The $13.5 million center, targeted to open in January 2016, will connect 8,600 renovated square feet of the existing duPont Hall with a new 17,700-square-foot building. It will house classrooms, seminar rooms and instructional labs. It also will house several language departments, offices for visiting international scholars and the Office of International Education.
Public areas will include an atrium, garden, courtyard and international tea shop.
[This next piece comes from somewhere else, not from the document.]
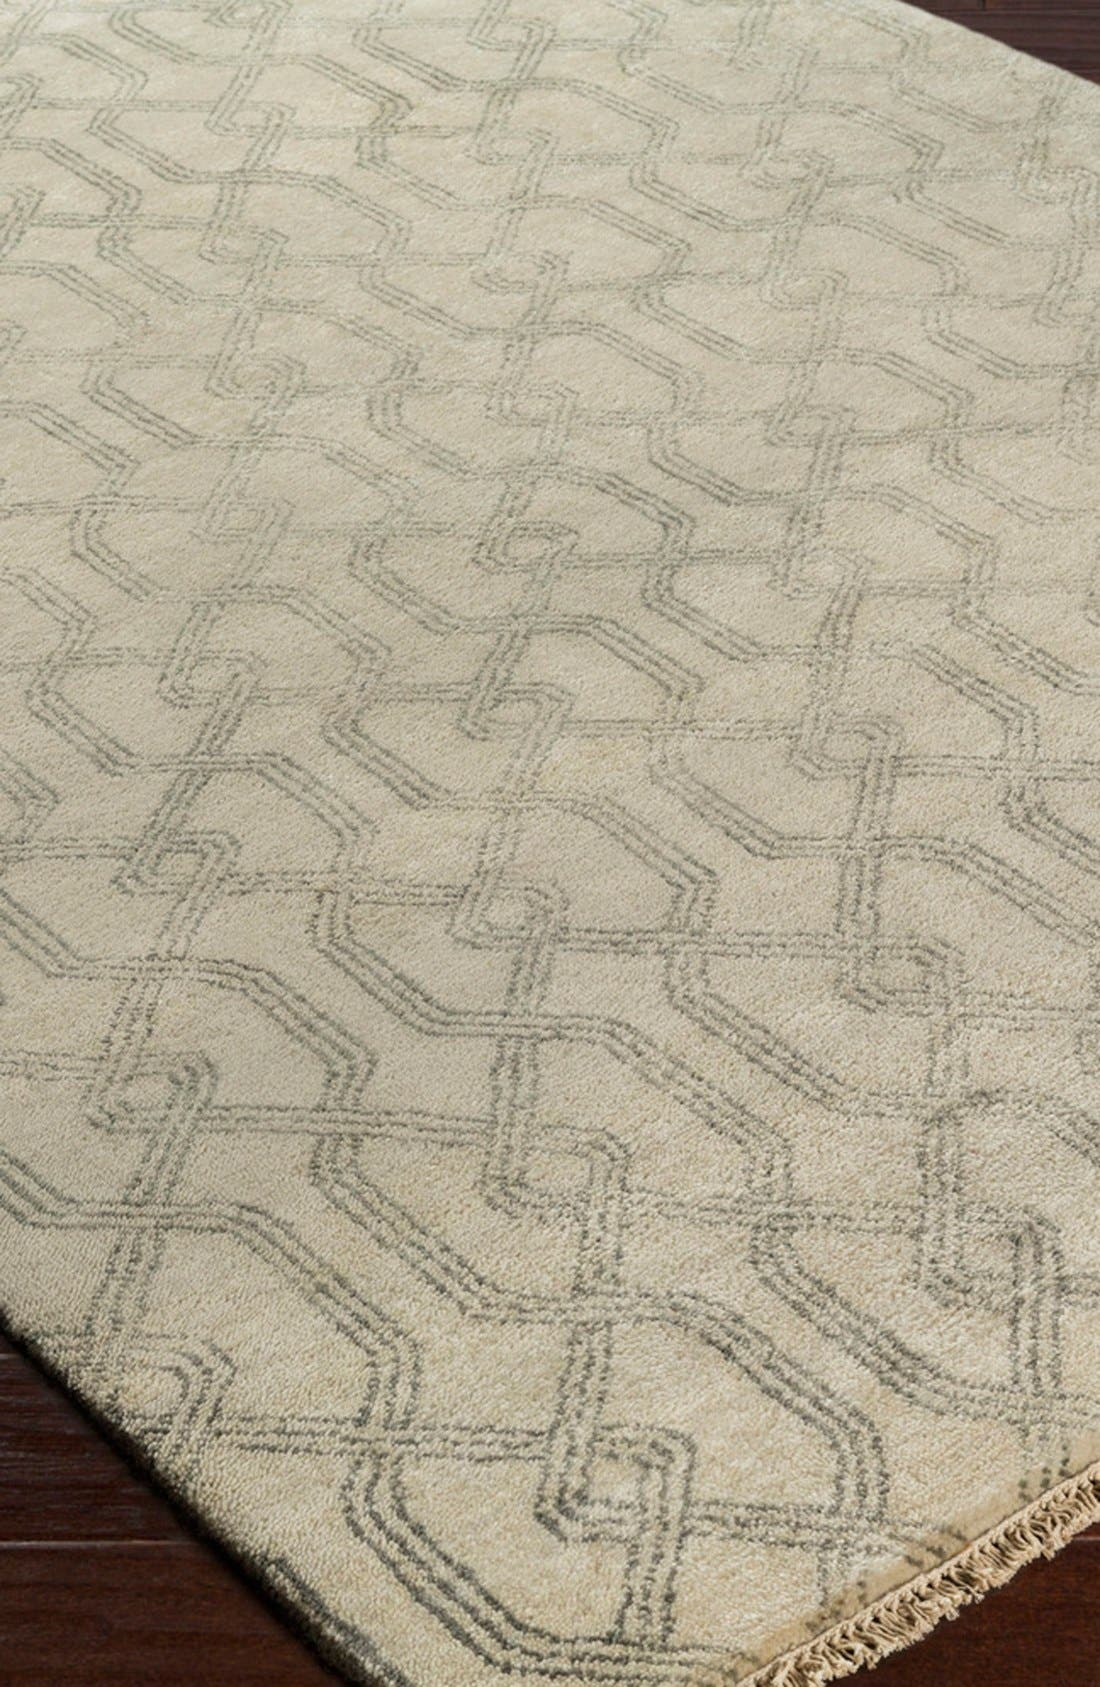 'Stanton' Wool & Cotton Rug,                             Alternate thumbnail 3, color,                             020
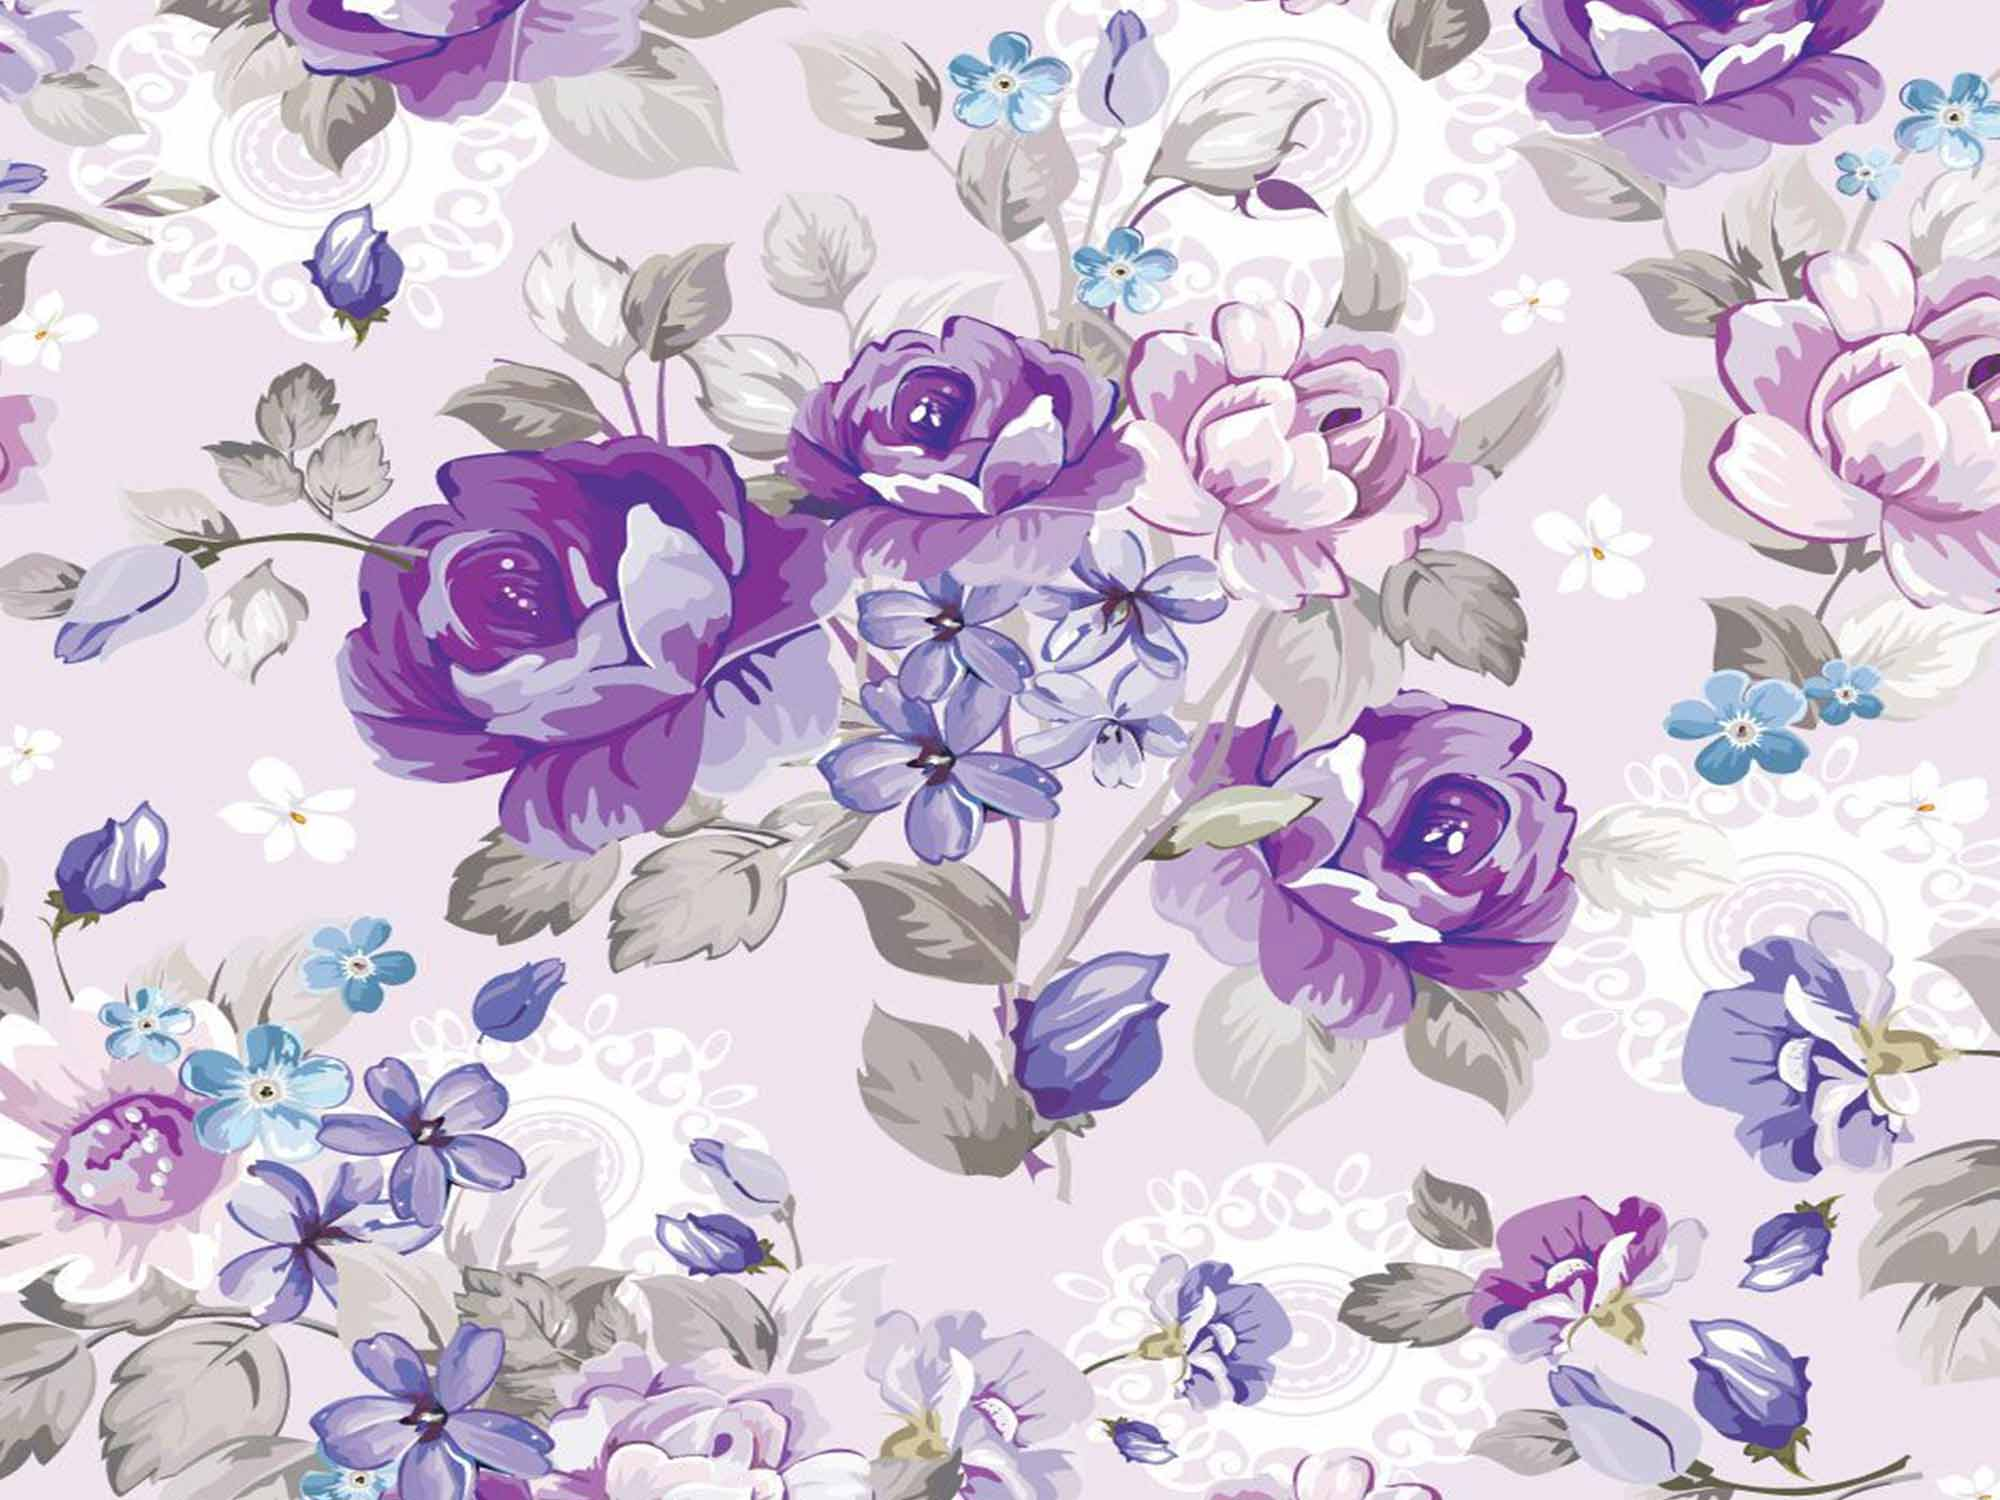 Papel de Parede Floral 0096 - Adesivos de Parede  - Paredes Decoradas

These gathering spaces “will encourage student and faculty interaction” as well as provide a venue for special events and exhibits, Boetsch says.
The university began taking a strategic look at global learning in 2008 as a way to help its students prepare to work and live in a “global and diverse society,” Boetsch says. “We wanted to integrate global learning across all of the disciplines and schools at Washington and Lee and ensure that all of our students understand the global aspects of their discipline.”
The new center will be the hub of the school’s global learning effort. “It will be a marketplace for ideas as well as the interchange of ideas that cut across boundaries,” Boetsch says. Classrooms will be open to anyone on campus. “It is a campuswide building with spaces where students and faculty can work.”
During the planning process, school officials visited a variety of buildings on other campuses, including Duke, William & Mary and the University of Richmond, to look at their functionality. “We knew we wanted our building to have a natural engagement space where people can wander around and engage in conversations,” Boetsch says.
Students from 40 countries attend Washington and Lee, and almost half of the student body studies abroad or performs an international internship.
As of this writing the fundraising campaign has raised $10.2 million toward its $11.5 million goal — $2 million of the project was generated by internal sources. Fundraising efforts are part of the continuing $500 million Honor Our Past, Build Our Future capital campaign. “We think the new center will be the centerpiece that will represent a new kind of Washington and Lee education,” Boetsch says. “It will be the place that helps students prepare for living in the world.”